Competence used to be central, now it's more and more peripheral. AI mirrors and amplifies that.
This is all very well if the goal was to sift the wheat from the chaff - but modern western education is about passing as many fee paying students as possible, preferably with a passably enjoyable experience for the institutional kudos.
Honestly, I feel like I have to know more and more these days, as the ais have unlocked significantly more domains that I can impact. Everyone is contributing to every part of the stack in the tech world all of a sudden, and "I am not an expert on that piece of the system" no longer is a reasonable position.
This is in tech now, were the first adopters, but soon it will come to other fields.
To your broader question
> Something that I think many students, indeed many people, struggle with is the question "why should I know anything?"
You should know things because these AIs are wrong all the time, because if you want any control in your life you need to be able to make an educated guess at what is true and what isn't.
As to how to teach students. I think we're in an age of experimentation here. I like the idea of letting students use all tools available for the job. But I also agree that if you do give exams and hw, you better make them hand written/oral only.
Overall, I think education needs to focus more on building portfolios for students, and focus less giving them grades.
This is like the Indian education system and presumably other Asian ones. Homework counts for very little towards your grade. 90% of your grade comes from the midterms and the finals. All hand written, no notes, no calculators.
That’s a terrible indictment of society if true. People are so far from self-realization, so estranged from their natural curiosity, that there is no motivation to learn anything beyond what will get you fed and housed. How can anyone be okay with that? Because even most chronically alienated people have had glimpses of self-actualization, of curiosity, of intrinsic motivation; most have had times when they were inspired to use the intellectual and bodily gifts that nature has endowed them with.
But the response to that will be further beatings until morale improves.
What about technology professionals? From my biased reading of this site alone: both further beatings and pain relievers in the form of even more dulling and pacifying technology.
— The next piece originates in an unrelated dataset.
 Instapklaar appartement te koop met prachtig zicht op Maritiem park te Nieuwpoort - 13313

Follow by misanhtropic, thought-terminating cliches: well people are inherently dumb/unmotivated/unworthy so topic is not really worth our genuine attention; furthermore, now with LMMs, we are seeing just how easy it is to mimic these lumps of meat—in fact they can act both better and more pathetic than human meat bags, just have to adjust the prompts...
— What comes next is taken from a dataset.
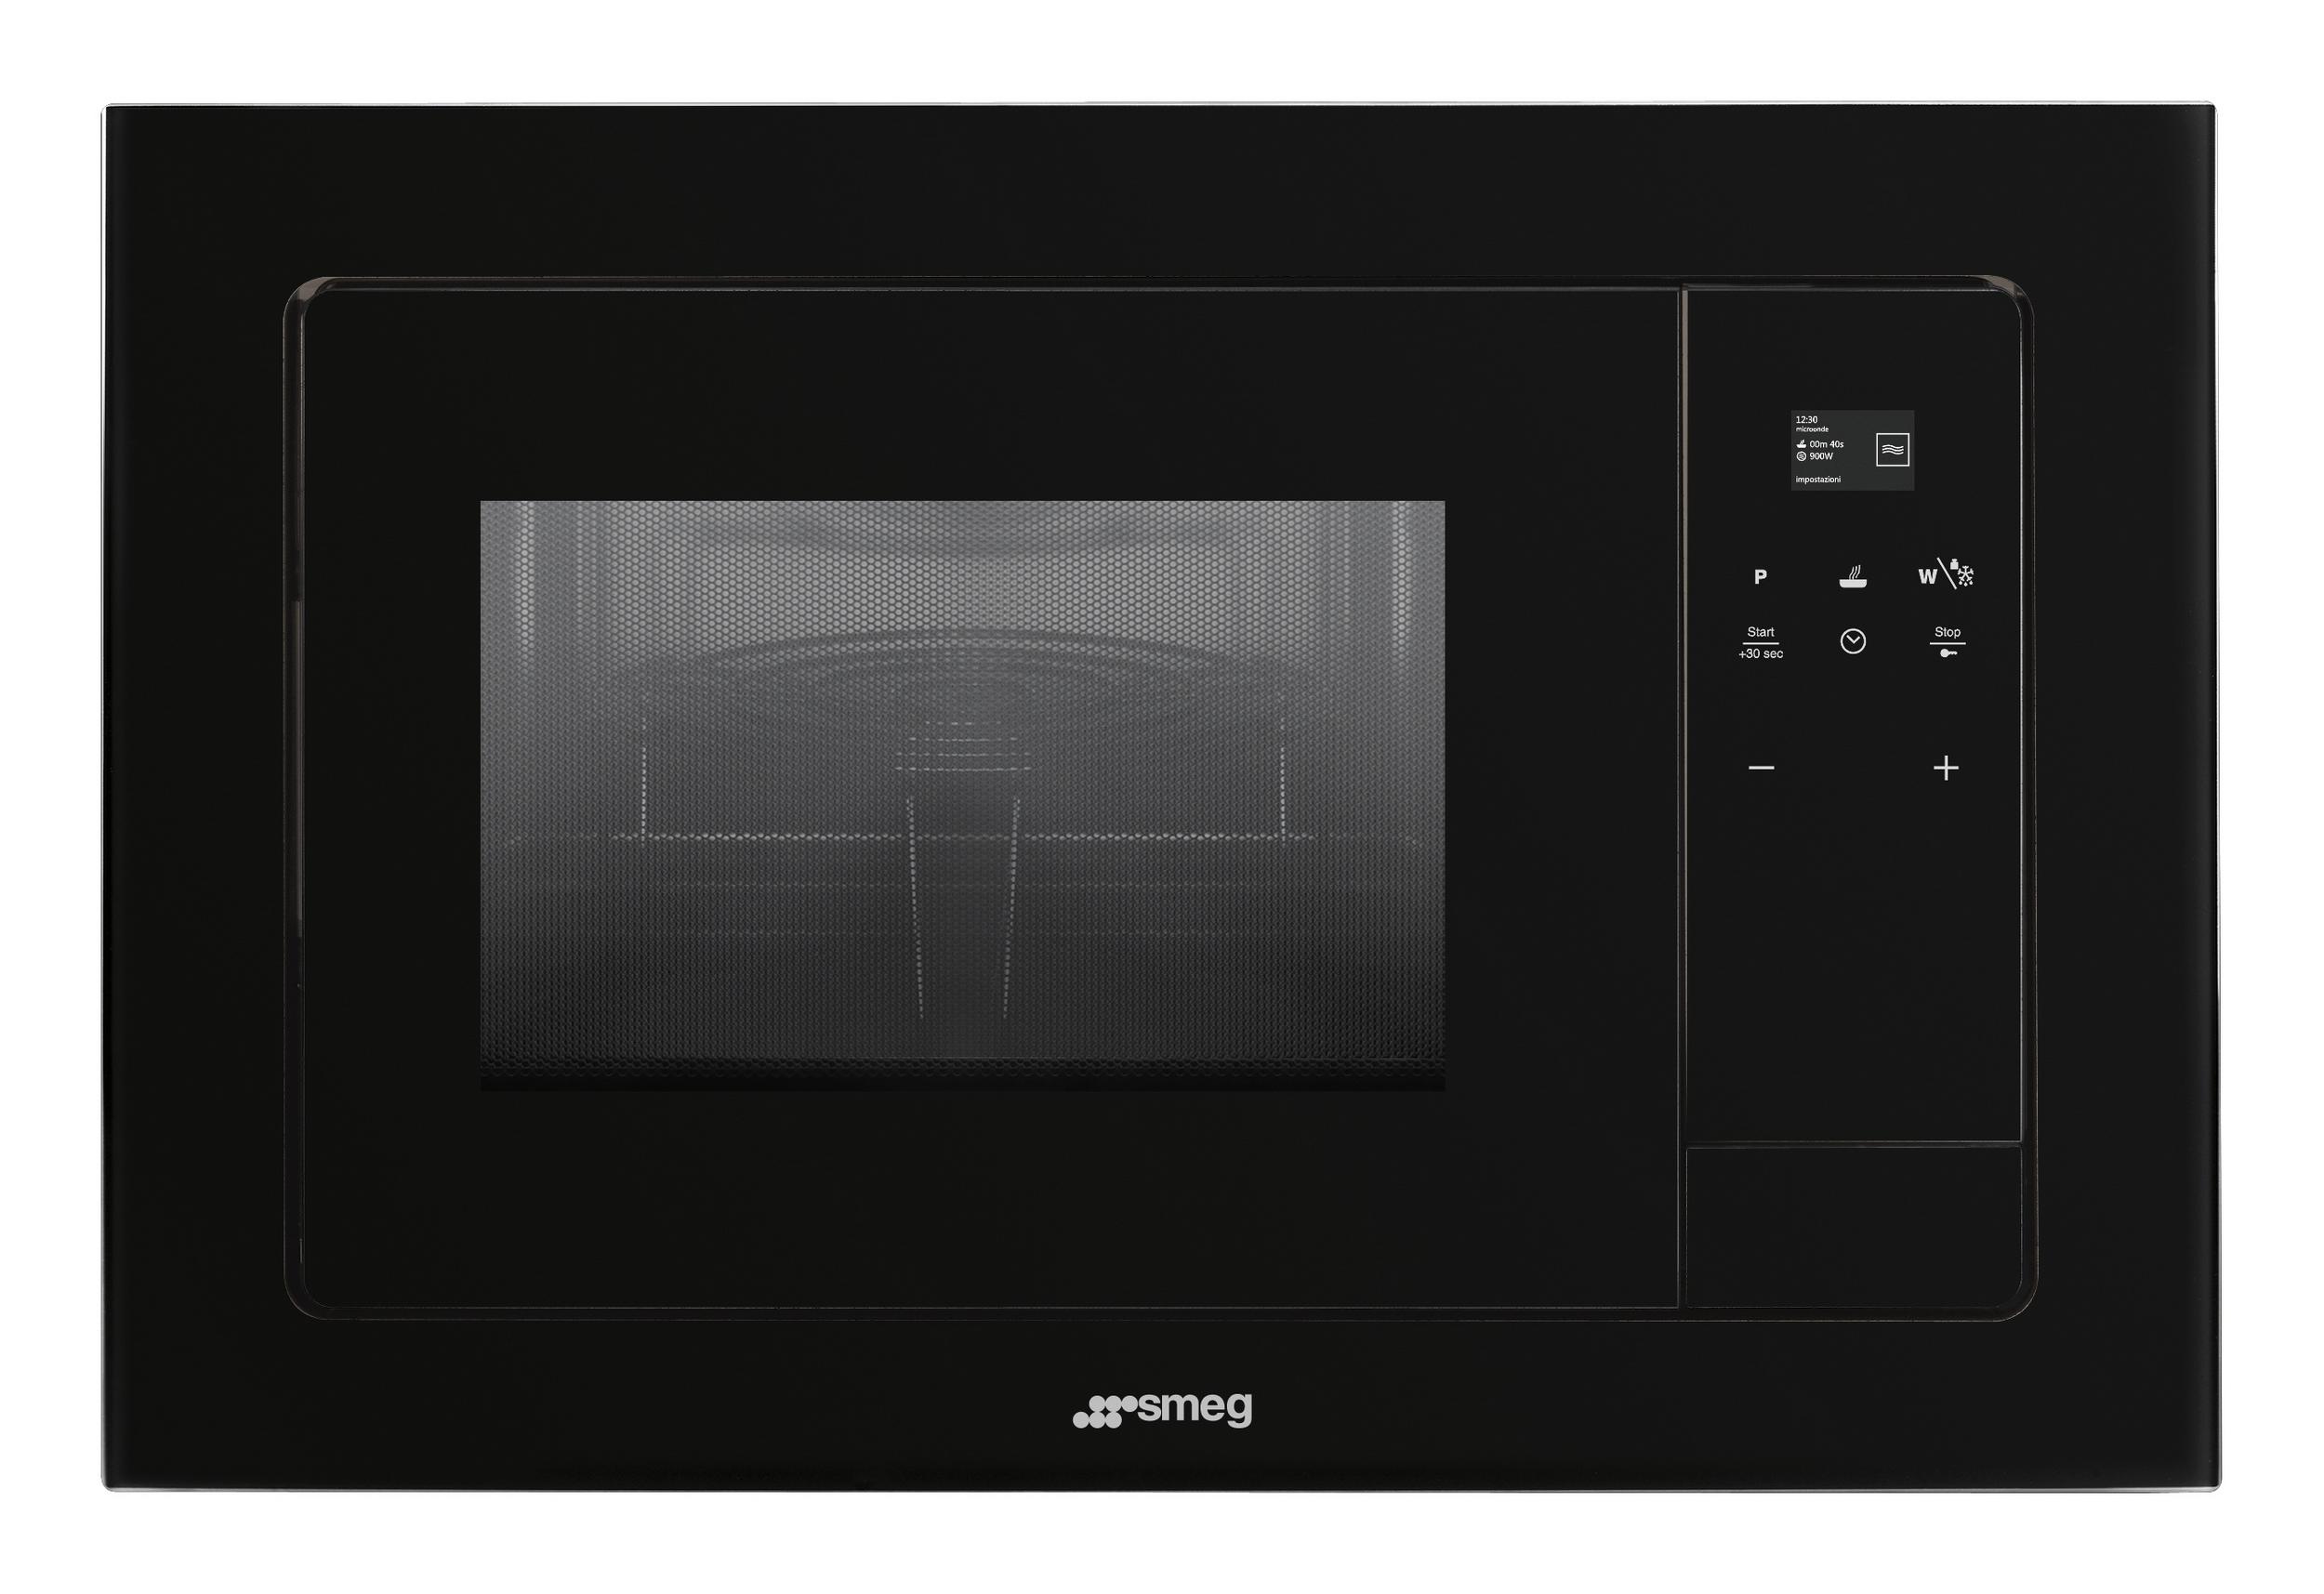 Smeg Kühlschrank Schwarz Gebraucht : Smeg fmi120 mikrowellenbackofen 38 cm mit einbaurahmen schwarz oder

> once you graduate from college, the answer is: "enough to not get fired"
I thought the point was to continue in the same vein and contribute to the sum total of all human knowledge. I suppose this is why people criticize colleges as having lost their core principles and simply responded to market forces to produce the types of graduates that corporate America currently wants.
> "enough to not get fired" is a lower and lower bar.
Usually people get fired for their actions and not their knowledge or lack thereof. It may be that David Graebers core thesis was correct. Most jobs are actually "bullshit jobs," and in the era of the Internet, they don't actually require any formal education to perform.